Andersen disease, also known as glycogen storage disease type IV (also GSD type IV), is a hereditary disorder that belongs to a group of disorders caused by a deficiency in the body’s glycogen stores.
In GSD type IV, the mutated gene is linked to building glycogen structures in the cells. Glycogen is not a simple chain of glucose groups but is structured in a branched chain. This structure is important to glycogen’s function as a form of energy storage, with maximum utilization of the cells’ storage capacity.
Glycogen branching enzyme is a special enzyme responsible for creating branching points in glycogen. Mutations in the gene coded to this enzyme cause the disease to develop. The glycogen created in this case is dysfunctional.
This disease has an autosomal recessive inheritance pattern. This means that for a child to develop the disease, they must inherit two mutated gene copies – one from each parent. In average, only one in four children of two mutated gene carriers will develop the disease. The mutated gene is located on chromosome 3 (3q14). Many different gene mutations are associated with this disorder.
Glycogen storage diseases
Glycogen is a form of storage in the body. It is made up of many molecules of glucose – the main type of sugar used by our body. When excess glucose exists in the bloodstream, the liver gathers this excess glucose and creates glycogen chains in the cells.
When the need for accessible energy arises (such as at night, long after dinner), the liver breaks down glycogen into its base-units (glucose) and releases them into the bloodstream where they can reach the cells.
Glycogen storage diseases (also known as GSD) are a group of diseases caused by a defect in glycogen function. There are several kinds of GSDs, one of them being Andersen’s disease.
Signs and symptoms
Disease severity depends, among other factors, on the mutated protein’s expression. When there is no protein expression, symptoms will be more severe. In cases of a relative lack of protein, the disease can be milder and appear only later in life.

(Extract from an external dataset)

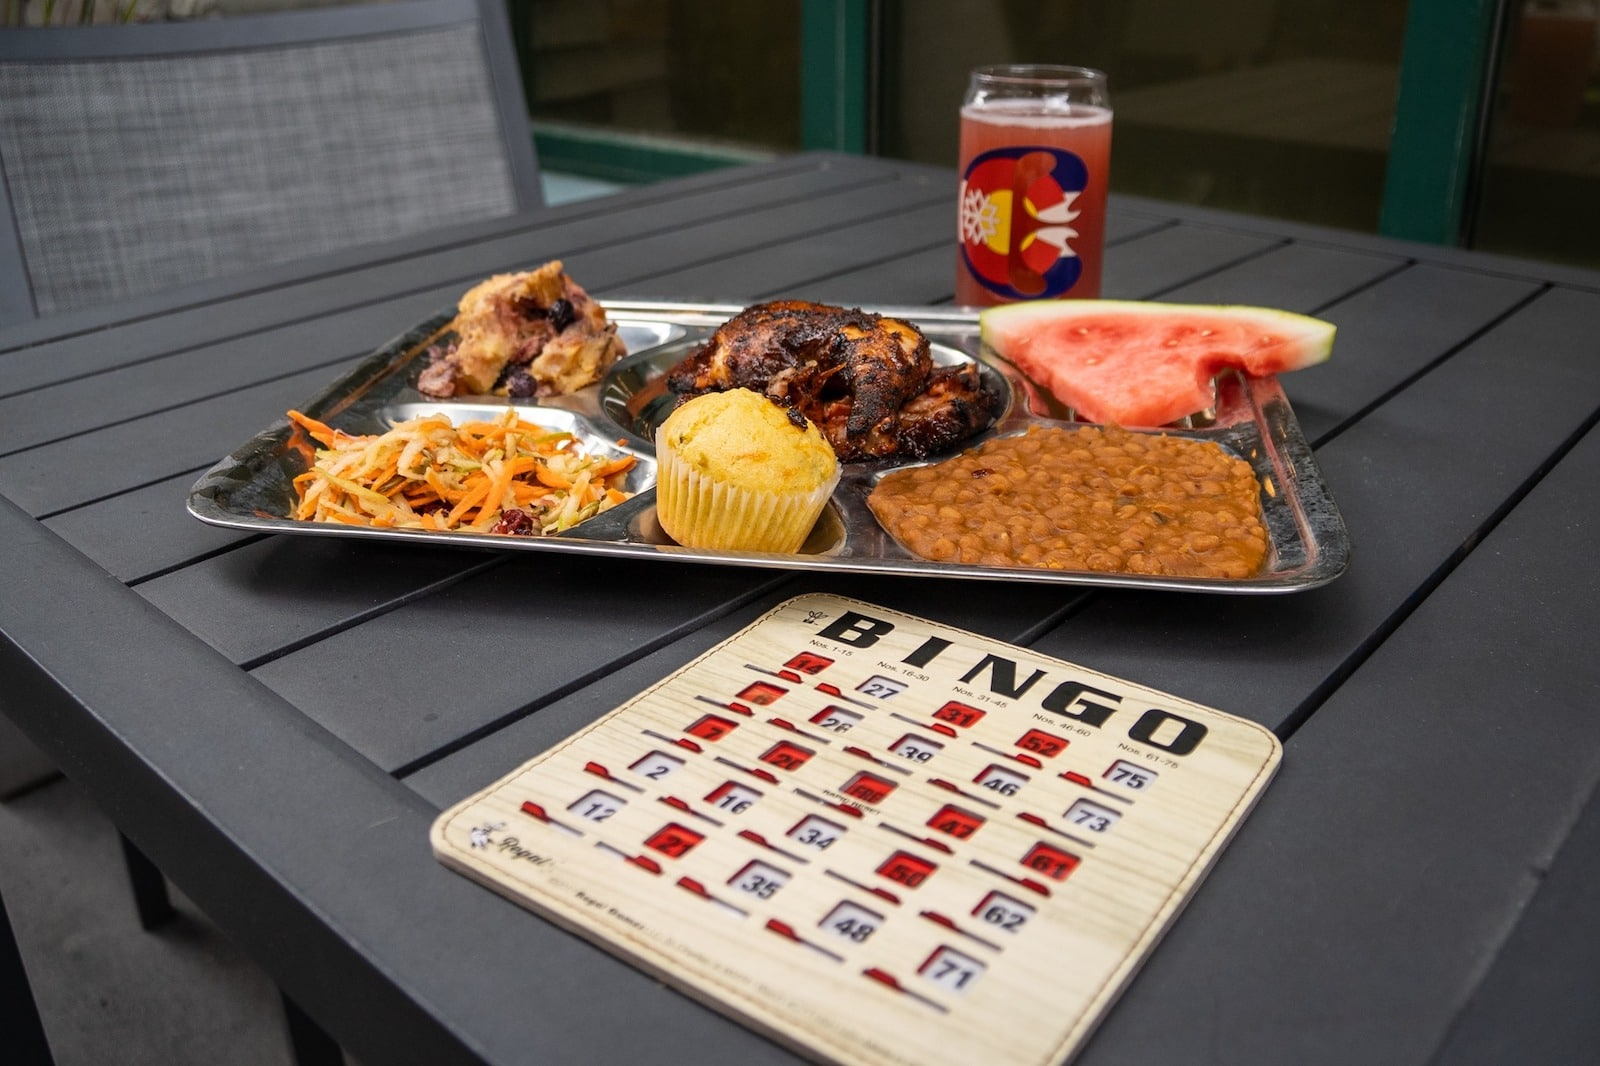 Gambar bir, kartu bingo, dan BBQ di Copper Mountain, Colorado
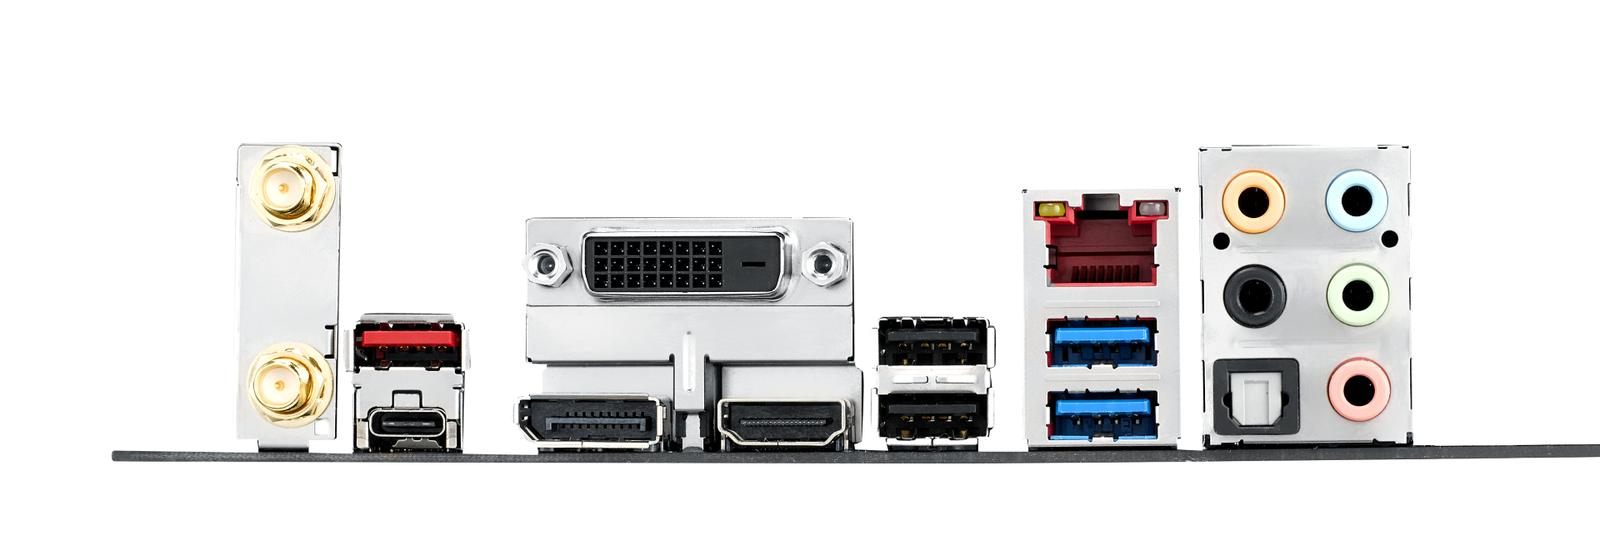 Asus ROG STRIX Z370-E GAMING ATX LGA 1151

Severe presentation at a young age can include severe heart defects and leads to death during the first months of life. Typical symptoms include an enlarged liver and spleen, and failure to thrive. Later stages of the disease include hypoglycemia (decreased levels of glucose in the bloodstream) that can be life threatening.
The disease progresses to liver cirrhosis, esophageal varices, and liver failure. Less common types of this disease are less severe and develop later in life.
This disease is typically divided into several variants: Congenital, Childhood-onset, and Adult-onset.
Diagnosis of Andersen disease is based on testing enzyme levels in skin or muscle biopsies. More modern diagnosis is based on detecting mutation in the gene GBE.
This disease can be diagnosed during routine prenatal testing when parents are known to be carriers. Screening methods can include amniocentesis or chorionic villus sampling.
There is currently no treatment for Andersen’s disease. The deficient enzyme cannot be replaced, nor is there effective gene therapy. Several attempts were made to treat the disease via liver transplants, with relative success.
Cells in the transplanted organ contain the donor’s genetic material, therefore the relevant enzyme is not deficient, and the liver can break down glycogen normally. However, it should be noted that the deficient enzyme can be found in other body cells (such as in the muscles and heart), and that a liver transplant is a complicated procedure that carries a risk for complications and requires medication that carries significant side effects.